Model Answer: Emily’s situation presents a potential hostile environment sexual harassment scenario. Her supervisor’s conduct (groping, crude sexual jokes) is unwelcome and pervasive – enough to create a hostile work environment that any reasonable person would find hostile or abusive (although there certainly would be arguments to the contrary). Because the harasser is her supervisor and he took tangible employment action (demotion) when she rebuffed him, XYZ Inc. is liable under Title VII – the Faragher/Ellerth affirmative defense is not available when a supervisor’s harassment culminates in a tangible job detriment.  She should prevail if evidence proves the conduct and the link between her refusal and the demotion. XYZ Inc.’s best move would be to settle or show that the demotion was for unrelated, legitimate reasons – but given the facts, that seems unlikely. Under Illinois law, Emily could also sue under the IHRA which likewise holds employers liable for supervisory harassment. Notably, Illinois law (since 2020) requires even an employer of this size to have a harassment policy and training; failure to prevent this behavior could also mean the company violated state-mandated standards. Emily can recover compensatory damages (for emotional distress) and possibly punitive damages under Title VII (capped because 30 employees is under 100, cap $50k) and similar or additional damages under IHRA (no caps). Because she also filed internally, XYZ’s lack of prompt corrective action will hurt its defense. In sum, Emily’s case exemplifies textbook sexual harassment, and the law is on her side.

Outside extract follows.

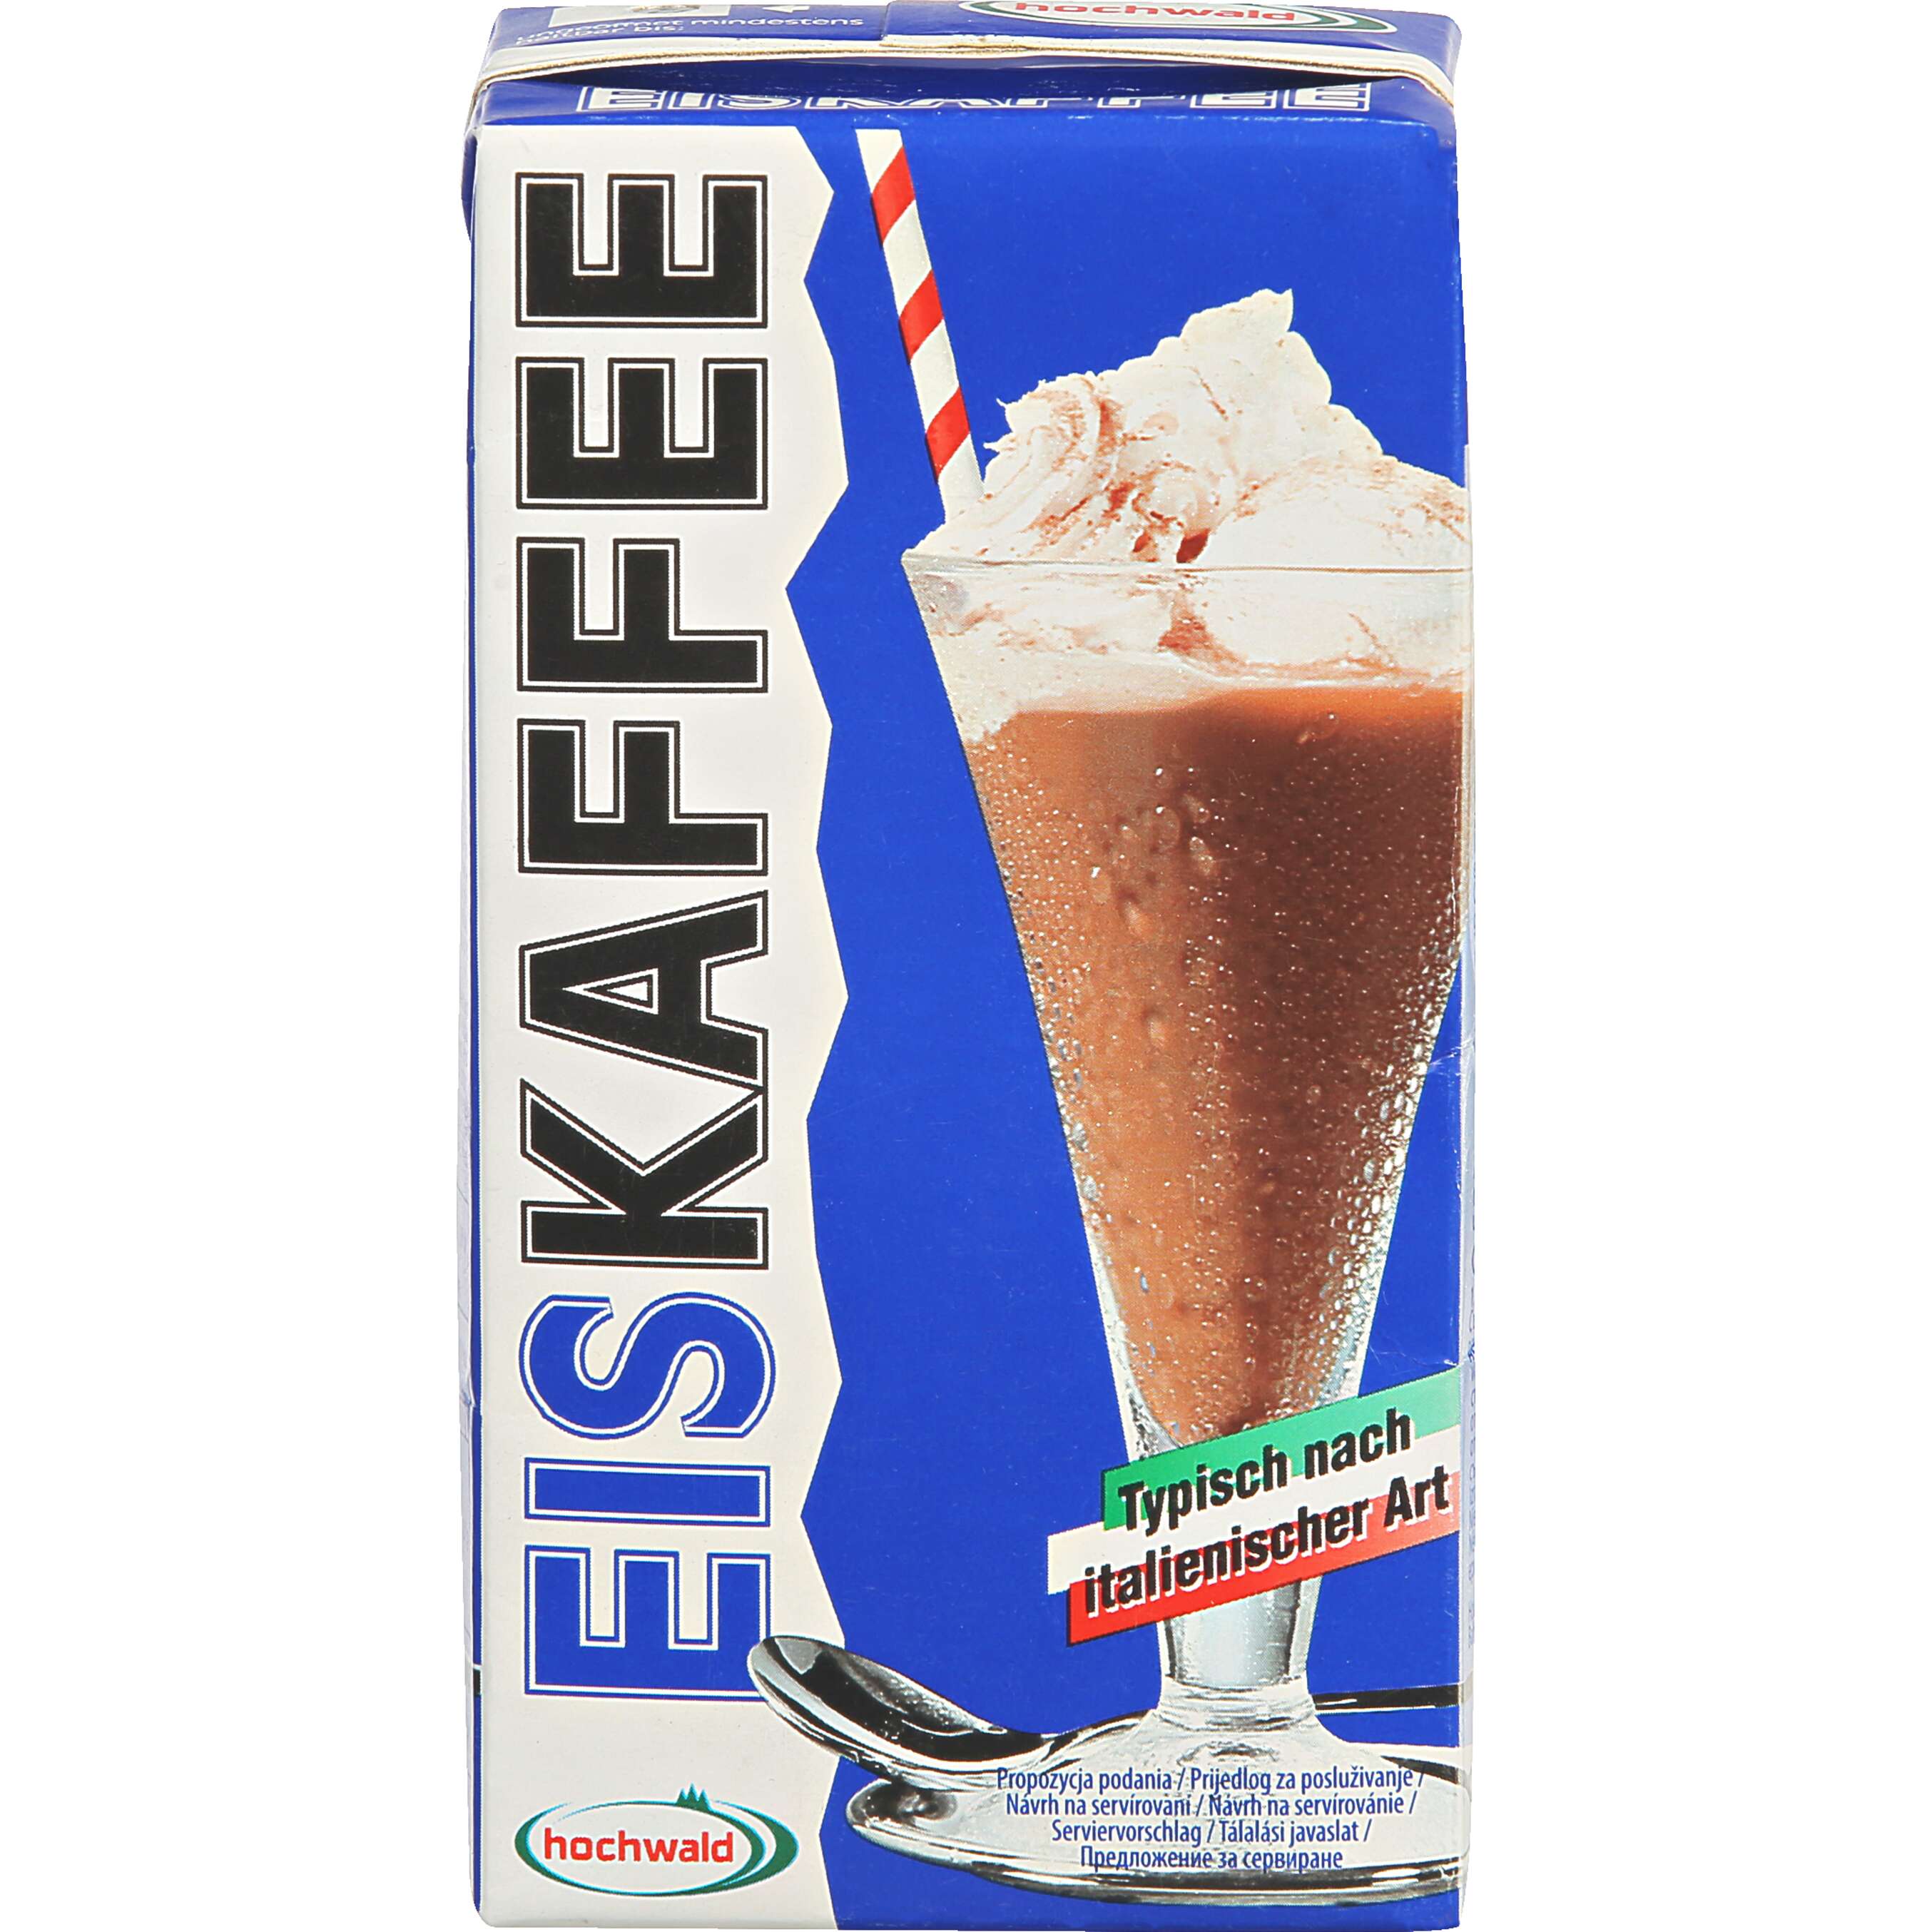 Zobrazit nabídku Eiskaffee/Eiskaffee Light Mléčný nápoj

Real-Life Example in Practice: A notable real-life example is the 2018 EEOC case against a national restaurant chain where female employees were routinely subjected to groping and lewd comments by a manager. Despite complaints to HR, the company took no action. The EEOC sued and ultimately the case settled with a substantial monetary payment and a consent decree requiring training and monitoring. This highlights how inaction by management can lead to liability – had the company promptly disciplined the harasser, it might have avoided the lawsuit or at least the punitive aspect. 

Practical Tips and Takeaways:

  • Harassment Prevention: Take advantage of training. Illinois requires annual harassment training – rather than treat it as a check-the-box, engage with it and ask questions. For employers, customize training with real examples from your workplace and ensure high-level executives attend too (sets the tone).
  • Report Early: Don’t wait for harassment to become “severe or pervasive.” Early reporting can often stop the behavior before it worsens. Employers should provide multiple avenues (beyond a direct supervisor) in case the supervisor is the harasser.
  • No Retaliation Tolerance: Employers should have a strong anti-retaliation statement in policies and enforce it. Employees, if you fear retaliation, you can request HR or management to protect you (and if retaliation happens, that becomes a separate violation to pursue). Keep a timeline of events – e.g., “I complained on Jan 5, and on Jan 20 I was reassigned to a lesser role” – as this can be compelling evidence of causal link.
  • Litigation vs. Resolution: Not every complaint needs to become a lawsuit. Employers: consider mediation or settlement when a claim has merit – it can save cost and reputational harm. Employees: know that agencies like the EEOC often offer free mediation; this can be a faster way to get relief (e.g., compensation, a neutral reference, policy changes) without a protracted fight. Always weigh the options – sometimes a quiet resolution is better for all, other times holding a firm accountable publicly is important. Either way, the goal of these laws is to remedy and deter – so use them to ensure fair and respectful workplaces.